The caching + pooling wins are the reason this library exists, so guard them.

  • Any change to the hot path (loader, cache, pool, Run/RunWith) needs a before/after comparison. Use -benchmem and average several runs:

    go test -bench=BenchmarkDynamicRun -benchmem -count=8 . > new.txt
    # (stash your change, rerun into old.txt)
    benchstat old.txt new.txt
  • Include the benchstat output in the PR and call out any regression. Watch allocation counts (allocs/op), not just time — a cache hit should stay effectively 0-alloc and size-independent.

  • When you record a new headline number, update the README Performance table so the docs stay honest.

Code & test conventions

These keep the codebase traceable and its performance claims honest.

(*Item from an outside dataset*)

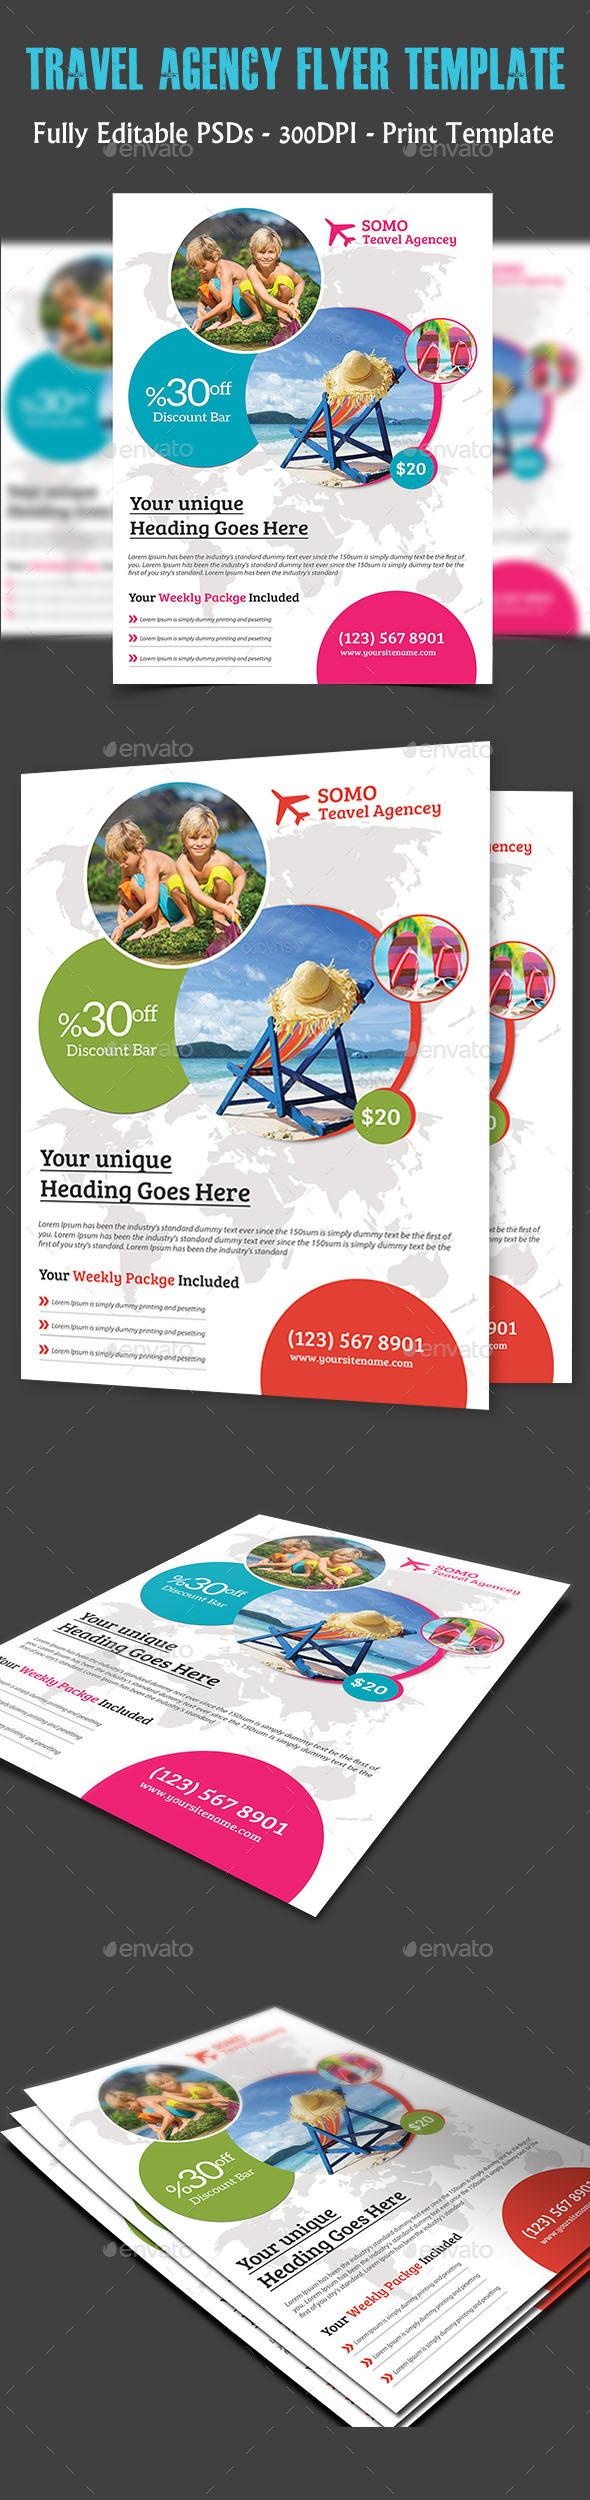 Travel Agency Flyer - Flyers Print Templates
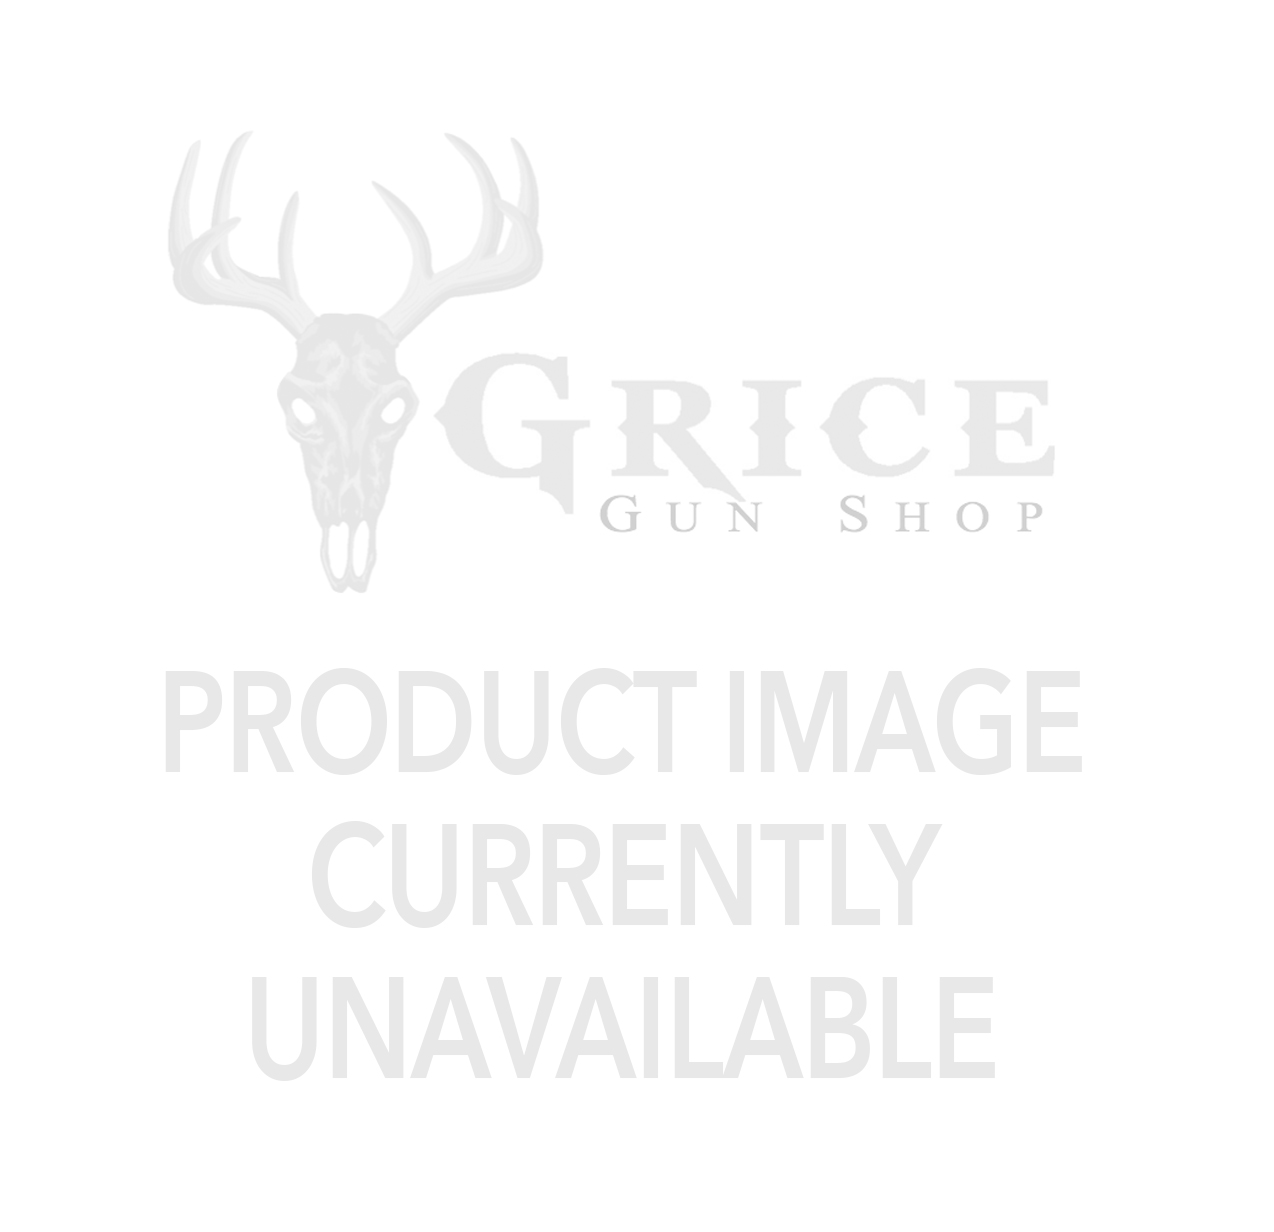 Legacy - Howa 1500 Southern Comfort Camo 308Win

  1. A test file per source file. For foo.go, add foo_test.go in the same package (e.g. loader.go → loader_test.go). Don't pile tests into one file. Entry points like main.go are exempt when their components are tested elsewhere.
  2. Test the behavior, and benchmark what matters. Testable functions get a basic-behavior test. Performance-sensitive functions get a Benchmark* with b.ReportAllocs(); record meaningful numbers in the README/docs tables.
  3. Always include exception cases. Each test file must exercise edge cases — nil/empty input, missing keys, races (-race), context cancel/timeout, resource limits, duplicate calls / double-free, retry-after-error, and leak/invariant checks. Exercise the actual branch — don't stop at the happy path.
  4. Version new API in doc comments. New functions/methods/tests carry a // Since: YYYY-MM-DD line. Use // Changed: YYYY-MM-DD - reason for breaking signature changes, and the standard // Deprecated: ... for removal.
  5. Godoc on everything. Comments start with the identifier name (// GetOrCompile ...) so go doc / pkgsite render cleanly. Required for exported identifiers, encouraged for unexported ones.
  6. Build only after tests pass. The pipeline order is go vetgo test ./...go test -race ./...go build ./... (make build enforces this by depending on test). Don't ship on red tests.

Test file template

package foo

import "testing"

// TestThing_Basic verifies the happy path of Thing.
// Since: 2026-07-05
func TestThing_Basic(t *testing.T) { /* ... */ }

// TestThing_Exceptions verifies Thing's edge/boundary cases.
// Since: 2026-07-05
func TestThing_Exceptions(t *testing.T) {
	// nil/empty input, errors, concurrency, cancellation, limits, ...
}

// BenchmarkThing measures Thing's cost.
// Since: 2026-07-05
func BenchmarkThing(b *testing.B) {
	b.ReportAllocs()
	for i := 0; i < b.N; i++ { /* ... */ }
}

Cross-platform

Line endings are normalized to LF via .gitattributes so gofmt -l stays clean on macOS, Linux, and Windows. The library and its go targets must build on all three; generators (make config) use go run, not POSIX shell.

Pull requests

  • Keep changes focused; describe what and why.
  • Ensure make all passes and the PR template checklist is satisfied.
  • The main branch is protected — open a PR rather than pushing directly.

License

By contributing, you agree that your contributions are licensed under the project's MIT License.